MySQL does not have hotbackups which have been an integral part of Oracle for years. (There are hotbackups now – 2012 – in MySQL here’s a howto on rebuilding replication using hotbackups guide) In addition, Oracle’s RMAN has become a sophisticated piece of software, and grown to be very stable, providing block level backups so only the data that changed can be included in subsequent backups. This makes nightly backups smaller overall. It also aids tremendously during recovery, providing a lot of automation, and assistence, during those times when you need it most. MySQL’s method is to dump data, and further if you want to guarentee a point in time dump of your data, you have to lock all the tables in the database, potentially slowing down your application tremendously. Lastly MySQL does not have automatic or point in time recovery, a real limitation on heavy use production databases.

MySQL also has some limitations on row sizes. MyISAM tables for instance, can have a maximum 64k of data per row, and InnoDB tables 8k per row. This does not include BLOB and TEXT types.

MySQL does not include database links such as those found in Oracle allowing you to query a table from an external database inside a query in a local database. There is the federated storage engine, but reports are that it’s rather buggy. DB Links can be useful for moving data between databases, and is key to implementing advanced replication in Oracle.

Lastly, MySQL has had some database size limitations. In 3.22 it could only access 4GB of data, however, as of 3.23 the only limitation has been with your operating system, and the size of files it can handle. On Linux with LFS or RaiserFS, this limitation is effectively eliminated. However, Oracle still has incredibly sophisticated storage cababilities, allowing virtually unlimited datafiles to be associated with a tablespace, and thus virtually limitless sized tables.

Updated note: In 5.5 and newer versions of MySQL there are no database size limitations. Also with Innodb you can use global tablespaces or one tablespace per table depending on your configuration. With most databases sitting on RAID or SAN these days, you’re getting pretty much the same deal with both MySQL & Oracle storage-wise.

Migration preparation

So you’ve seen what you can do with Oracle, and management has invested in licensing, and you’re now ready to get things setup in your development environment.

Now is the time to really get up to speed with Oracle. This goes for both Database Administration knowledge, as well as developer and programmer knowledge. The latter requires that you know a lot about Oracle’s features, in particular those which are relevant to your application. The former requires you understanding DBA roles, managing database files, memory structures, backups, and so on and so forth.

Thomas Kyte’s books are really excellent, and highly recommended. Check out “Expert One on One” on Wrox Press, and his newer title, “Effective Oracle by Design” which is on Oracle Press. He also has a website, http://asktom.oracle.com.
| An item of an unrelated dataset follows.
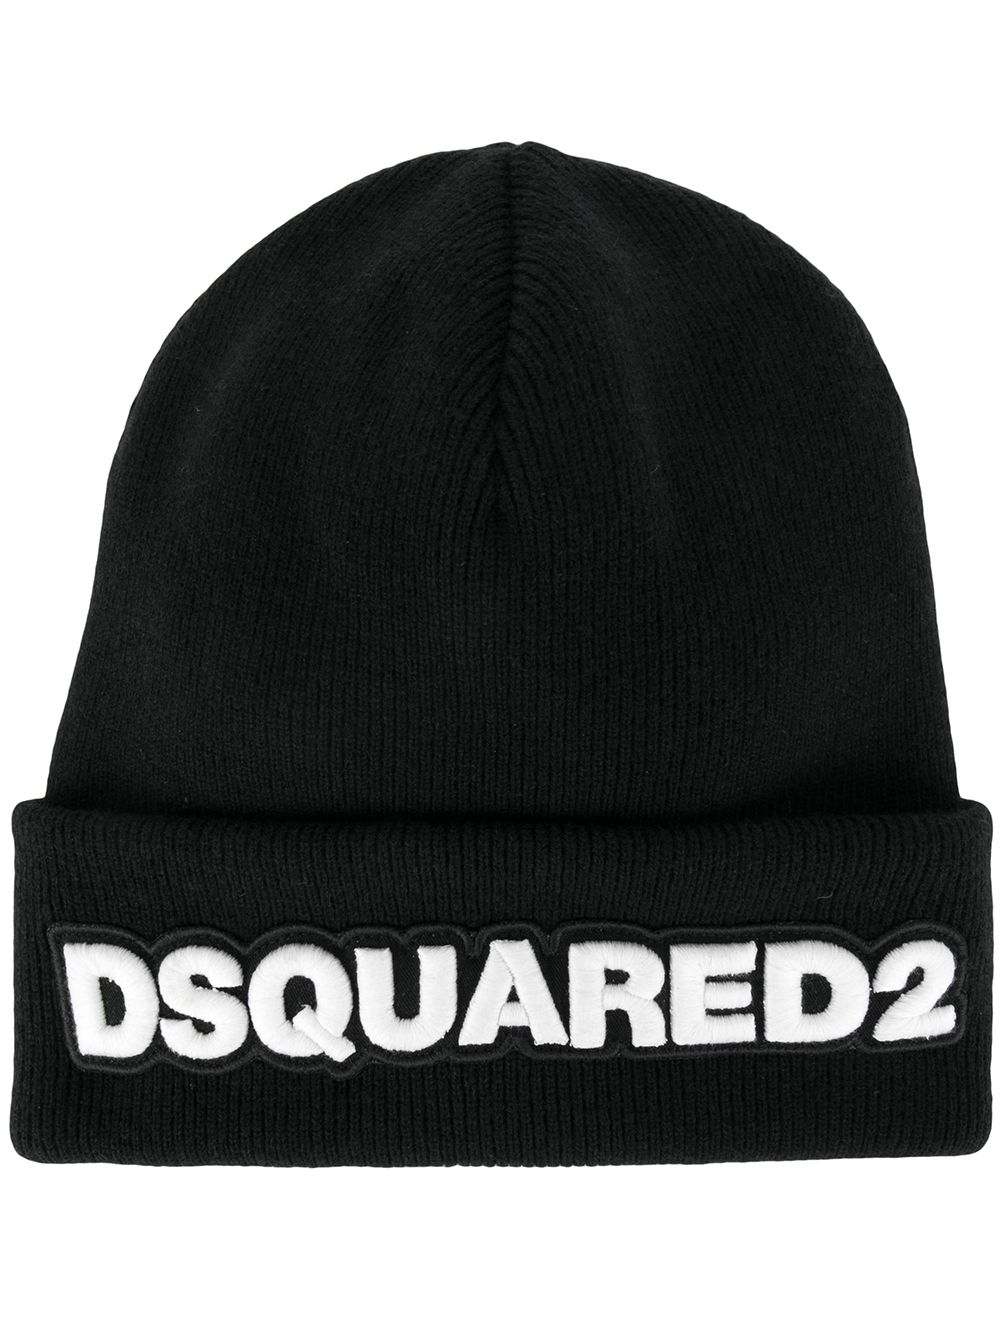 Dsquared2 logo patch ribbed beanie - Black von Dsquared2

Also check out Kevin Loney + Marlene Therault’s DBA Handbook on Oracle Press. Of course don’t forget to read the Oracle docs, which are quite good. Start with the concepts manual for the version of Oracle you plan to go with.

In planning a migration the first thing you should do is take a look at the number, and types of tables in your database. Do that in MySQL as follows:

SQL> show table status

+——+——–+———+————+

| Name | Engine | Version | Row_format |

+——+——–+———+————+

| t | InnoDB | 9 | Fixed |

| u | MyISAM | 9 | Fixed |

+——+——–+———+————+

2 rows in set (0.05 sec)

This output is truncated, but serves as a useful example. You will see the tables, types, and a lot of other information about the tables you will be moving.

You’ll next want to review the datatypes of your various tables. CHAR in MySQL maps to CHAR in Oracle, VARCHAR to VARCHAR2, and the various Large Object types to RAW or BLOB in Oracle. DATE, DATETIME, and TIME map to Oracle’s DATE datatype, while TIMESTAMP and YEAR map to NUMBER. Lastly all of the various INT datatypes in MySQL map to NUMBER in Oracle and FLOAT, DOUBLE, REAL, and DECIMAL all map to FLOAT.

To get information about the you can use the ‘describe’ SQL command much like Oracle’s own describe:

mysql> describe t;

+-------+----------+------+-----+---------+----------------+

| Field | Type     | Null | Key | Default | Extra          |

+-------+----------+------+-----+---------+----------------+

| id    | int(11)  |      | PRI | NULL    | auto_increment |

| s     | char(60) | YES  |     | NULL    |                |

+-------+----------+------+-----+---------+----------------+

2 rows in set (0.01 sec)

Another way to get useful descriptions of tables is to use the mysqldump command. Here ‘test’ is the name of the database, and ‘t’ is the name of the table. Leave the table name off and the output will include all the tables in that database.

$ mysqldump test t

--

-- Table structure for table `t`

--

DROP TABLE IF EXISTS `t`;

CREATE TABLE `t` (

  `id` int(11) NOT NULL auto_increment,

  `s` char(60) default NULL,

  PRIMARY KEY  (`id`)

) ENGINE=InnoDB DEFAULT CHARSET=latin1;

There’s actually quite a bit more output, and depending on the version of MySQL you may see additional comment lines etc. You’ll probably want to redirect the output to a file. Do so as follows:

$ mysqldump test t > t_table.mysql

$ mysqldump test > test_db.mysql

You will also want to get a sense of which columns are indexed to be sure that they get indexed in your Oracle database. Here is an example of how to list the indexes on a table:

mysql> show index from t;

+-------+------------+----------+--------------+-------------+

| Table | Non_unique | Key_name | Seq_in_index | Column_name |

+-------+------------+----------+--------------+-------------+

| t     |          0 | PRIMARY  |            1 | id          |

+-------+------------+----------+--------------+-------------+

1 row in set (0.04 sec)

An enumerated datatype is one where you define a static set of values up front. Oracle does not currently have such a datatype. The closest equivalent is a VARCHAR2 of sufficient size to hold all the various types. Migration Workbench will

do just that. If you want Oracle to enforce your set of values add a check constraint on that column.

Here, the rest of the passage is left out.